──────── Stored data

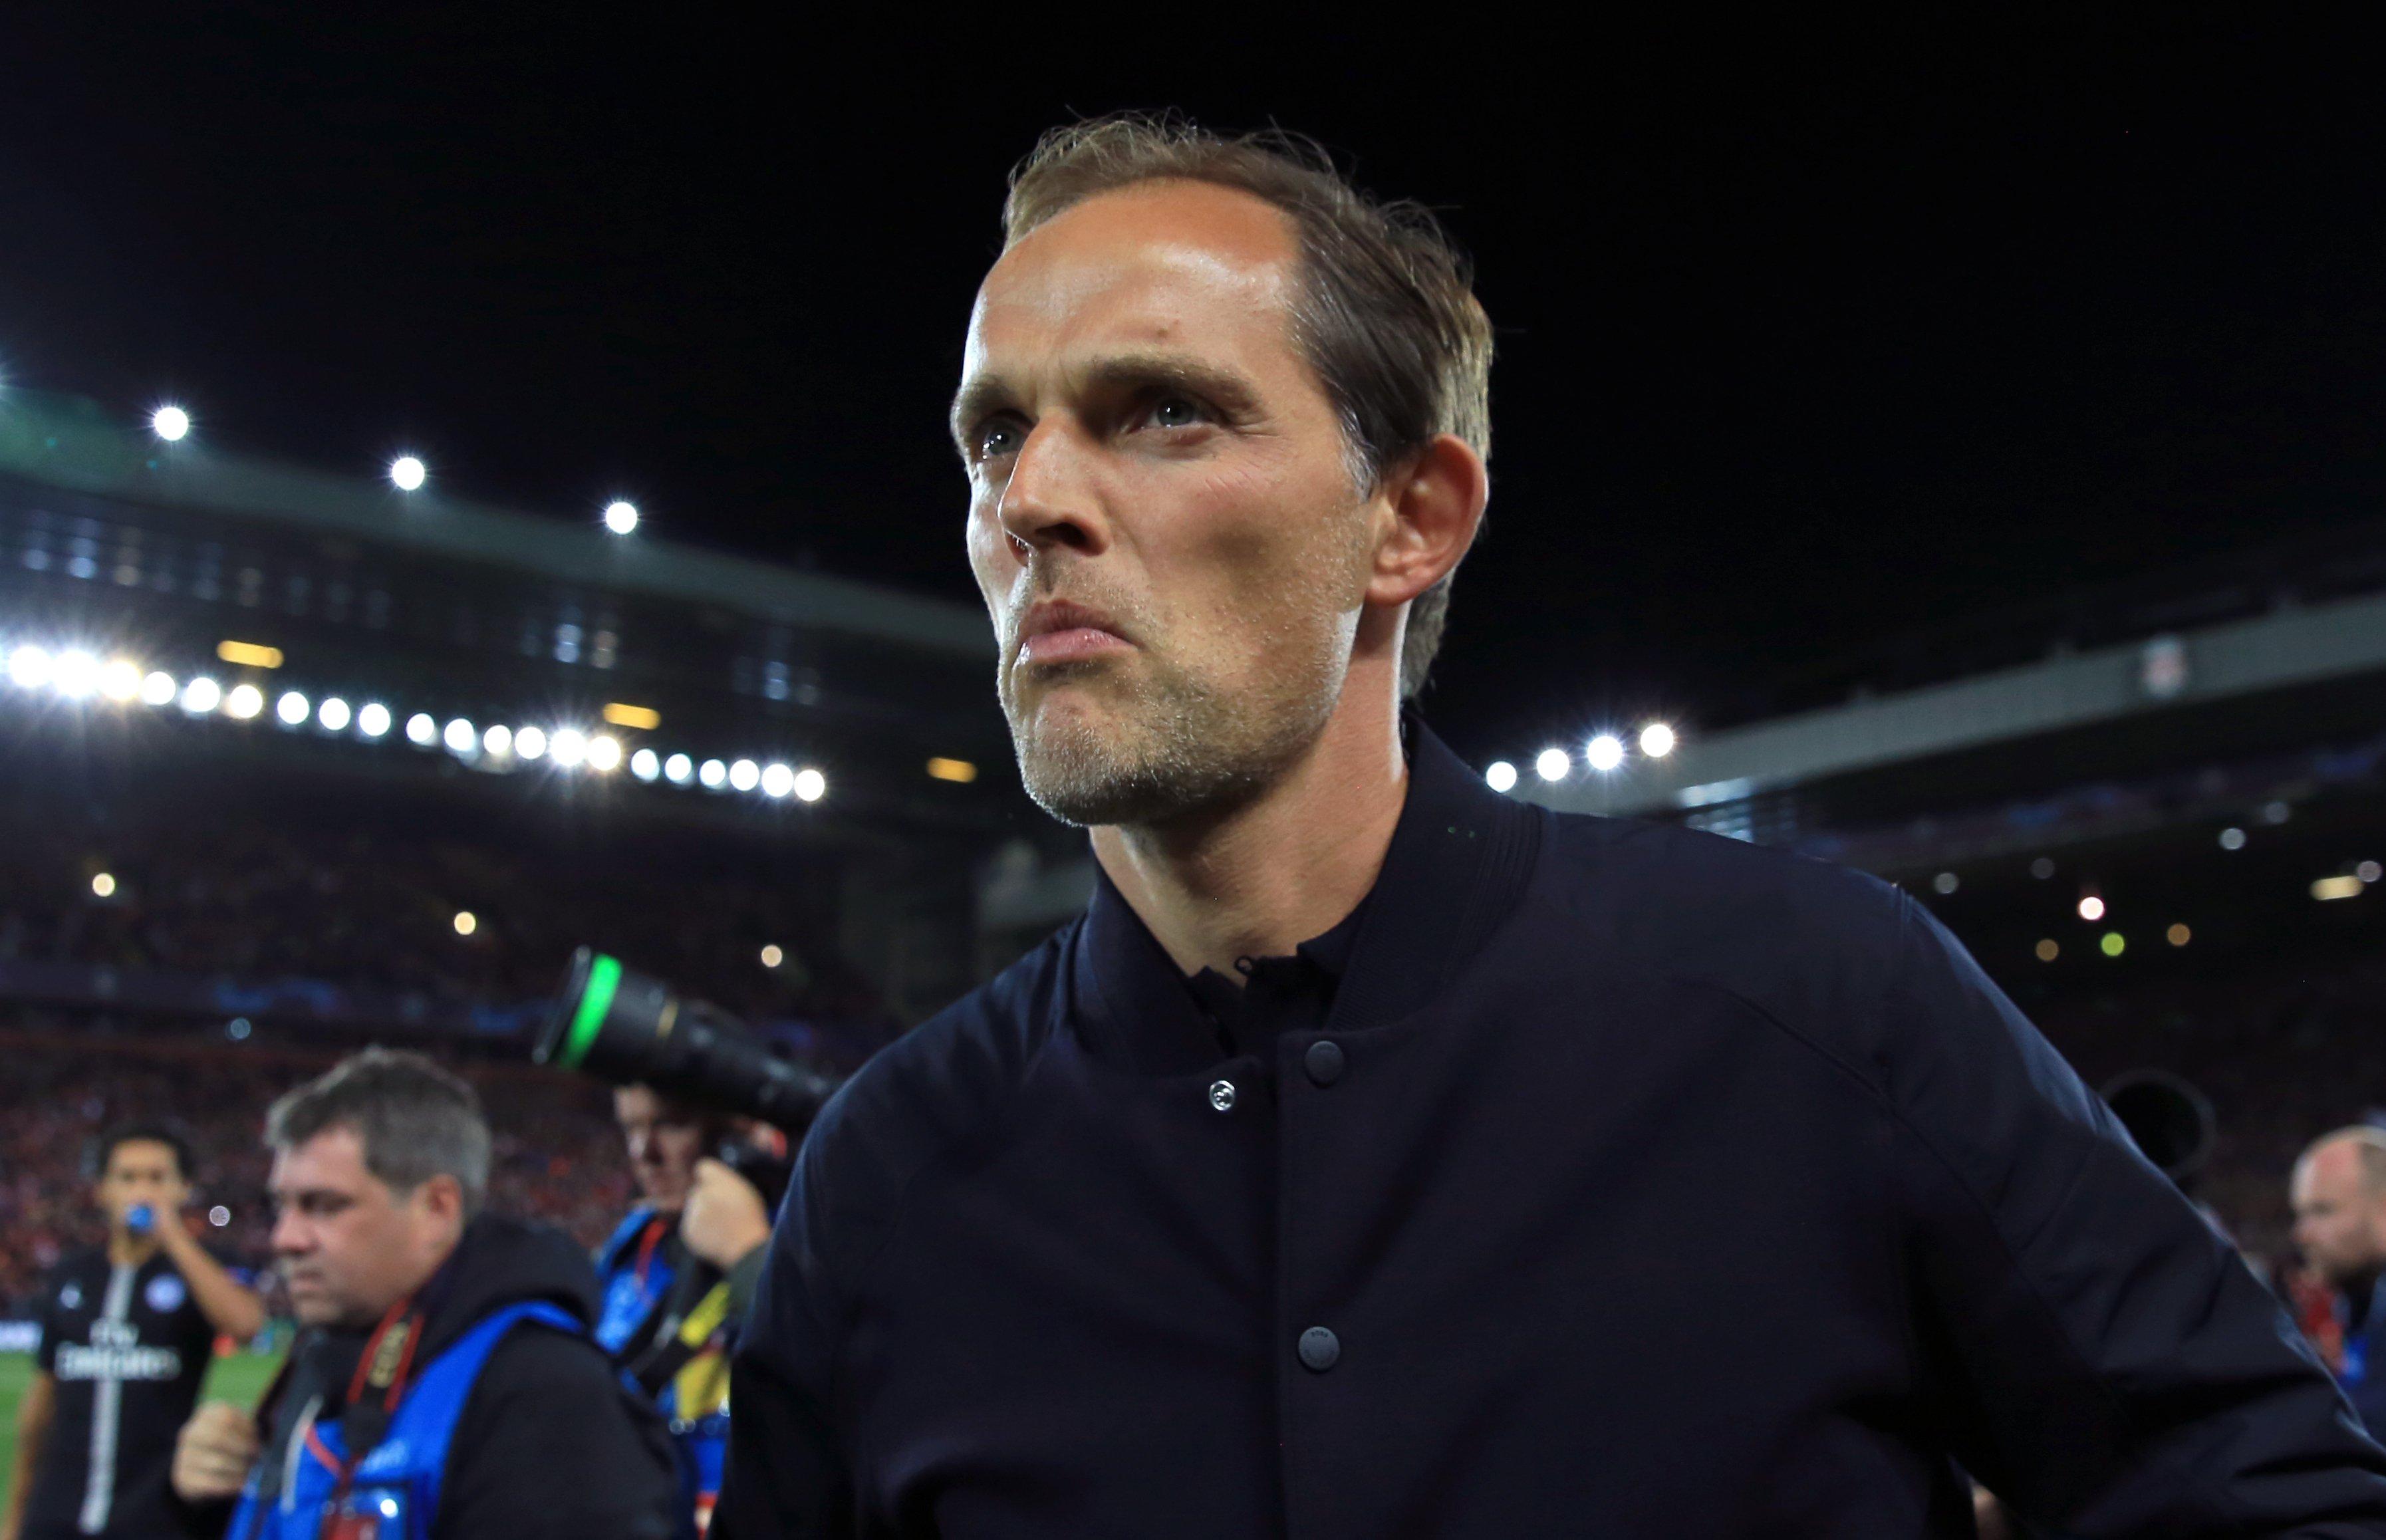 A closer look at the situation facing the new man at Stamford Bridge
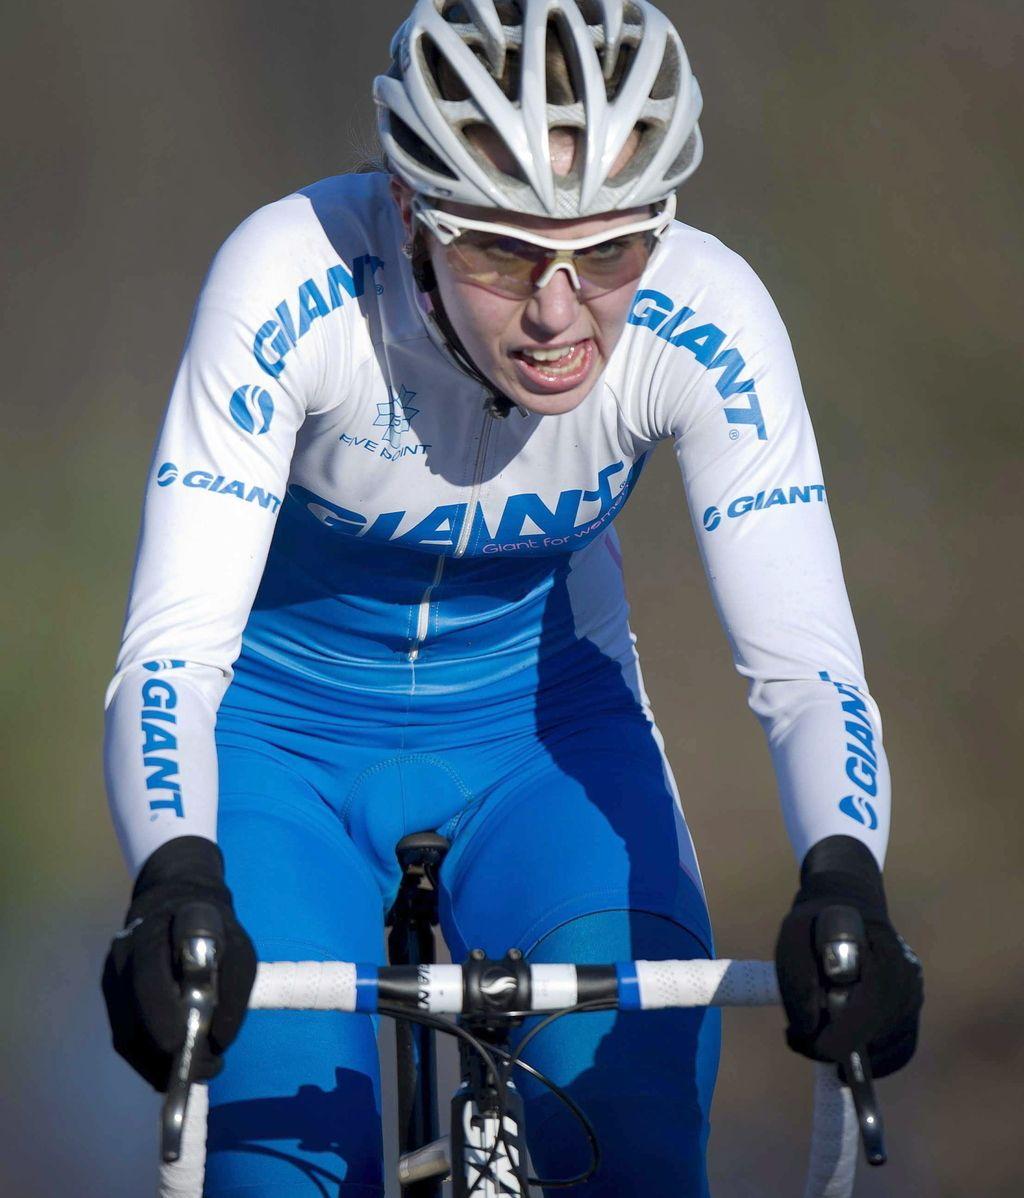 Muere la ciclista Annefleur Kalvenhaar
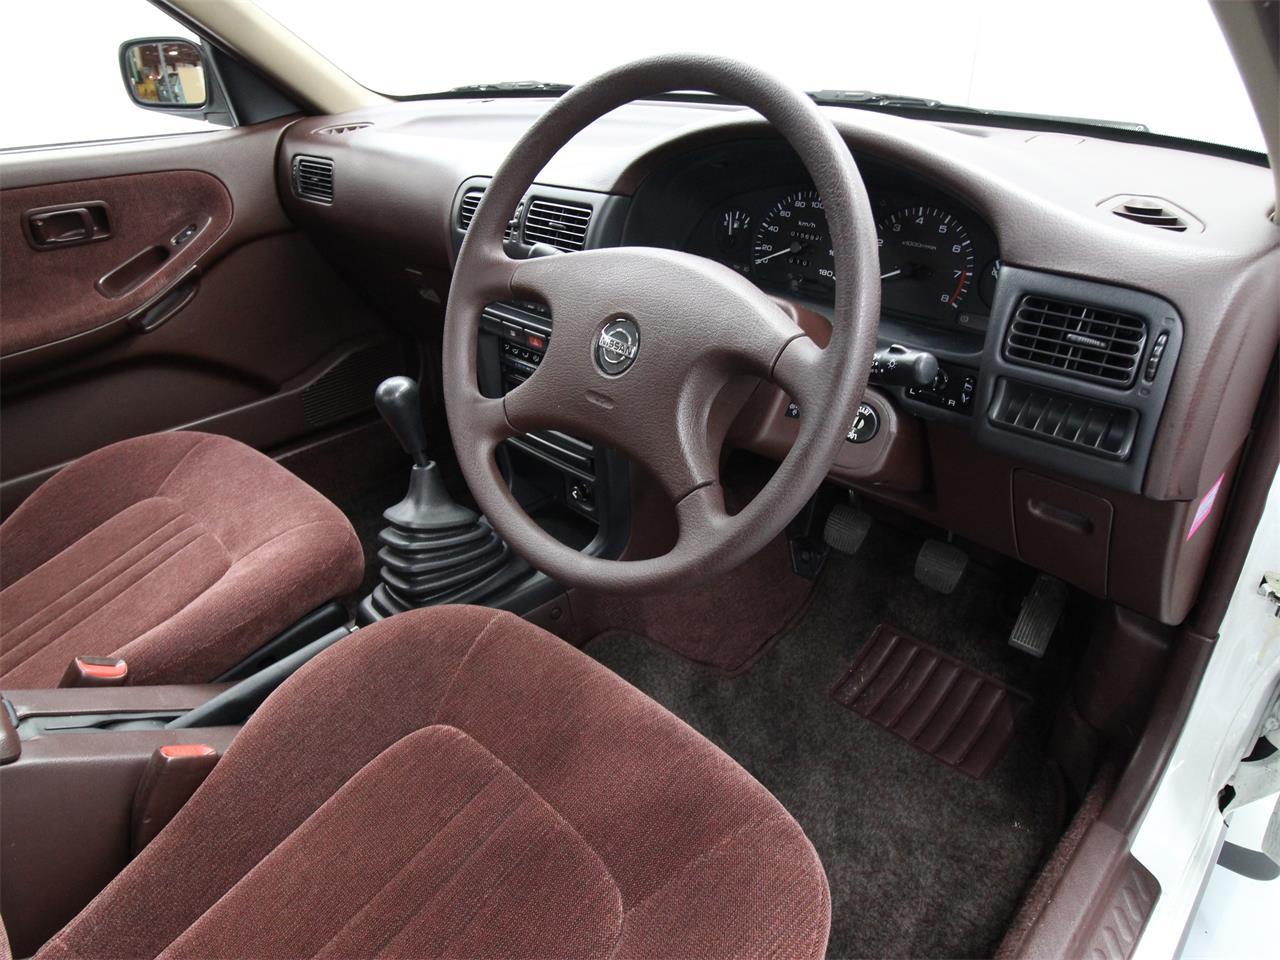 1991 Nissan Sunny (CC-1267972) for sale in Christiansburg, Virginia
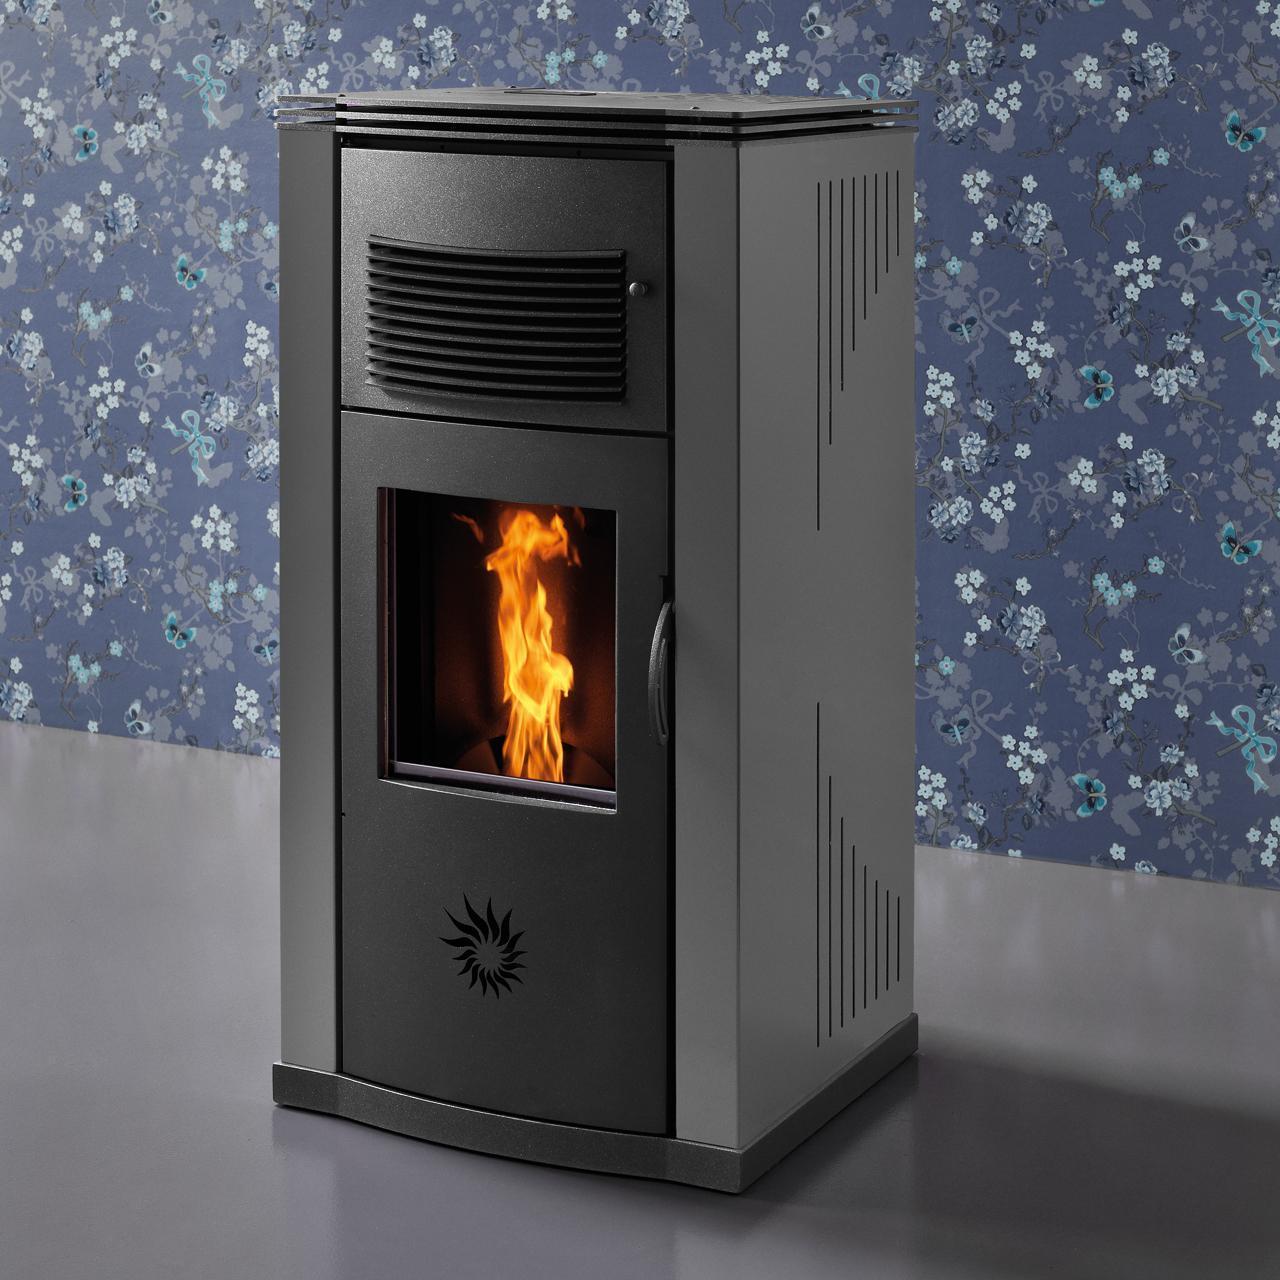 cs thermos pellets et biomasse flori 90 matagne hody. Black Bedroom Furniture Sets. Home Design Ideas
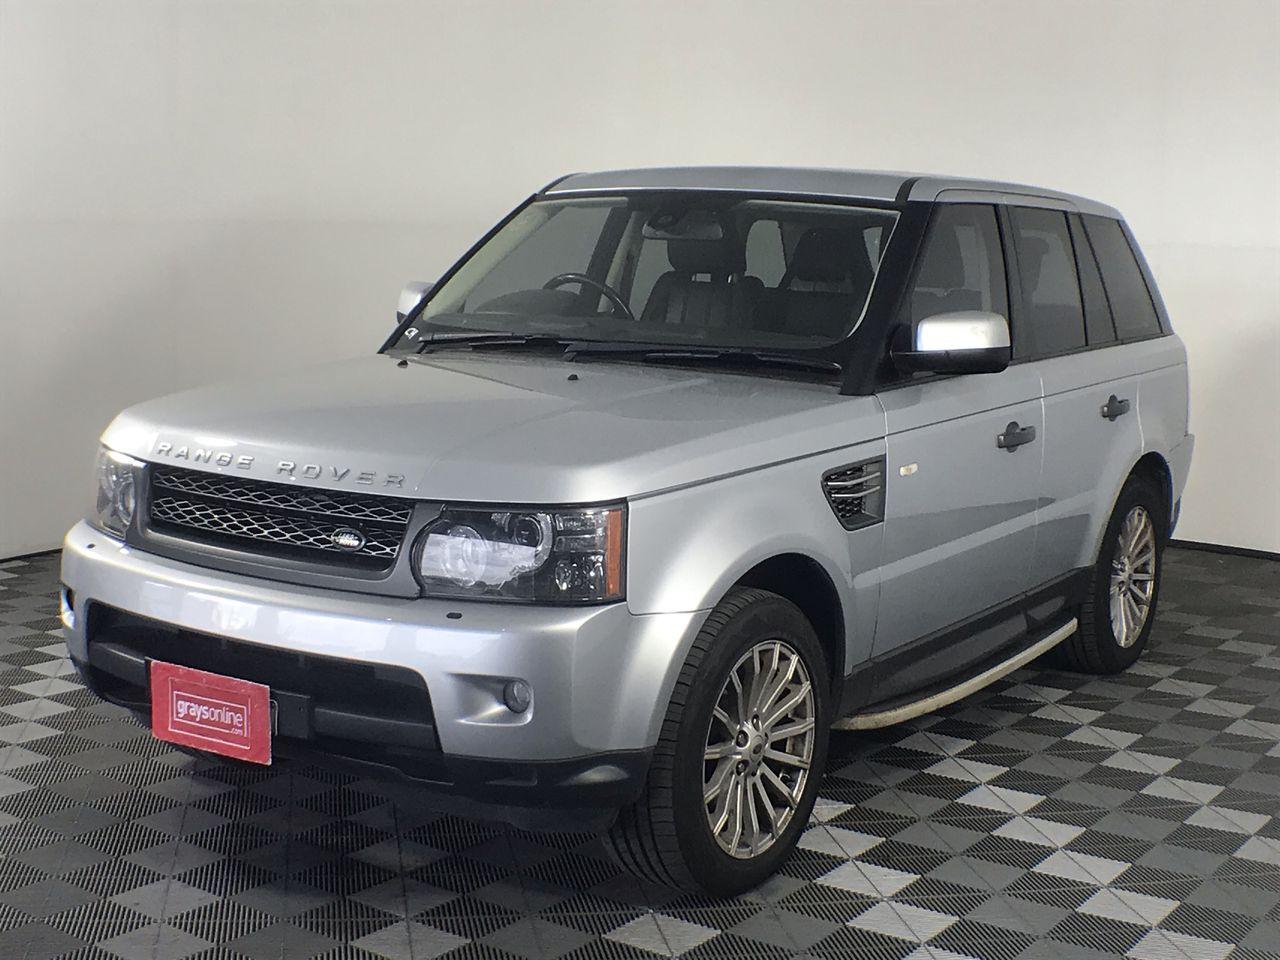 2011 Land Rover Range Rover Sport 3.0 TDV6 Turbo Diesel Automatic Wagon

────────────────

*Task to carry out*:
Except for the pictures, set down each line of the records exactly as it appears.

*Answer to this task*:
 A closer look at the situation facing the new man at Stamford Bridge
 Muere la ciclista Annefleur Kalvenhaar
 1991 Nissan Sunny (CC-1267972) for sale in Christiansburg, Virginia
 cs thermos pellets et biomasse flori 90 matagne hody. Black Bedroom Furniture Sets. Home Design Ideas
 2011 Land Rover Range Rover Sport 3.0 TDV6 Turbo Diesel Automatic Wagon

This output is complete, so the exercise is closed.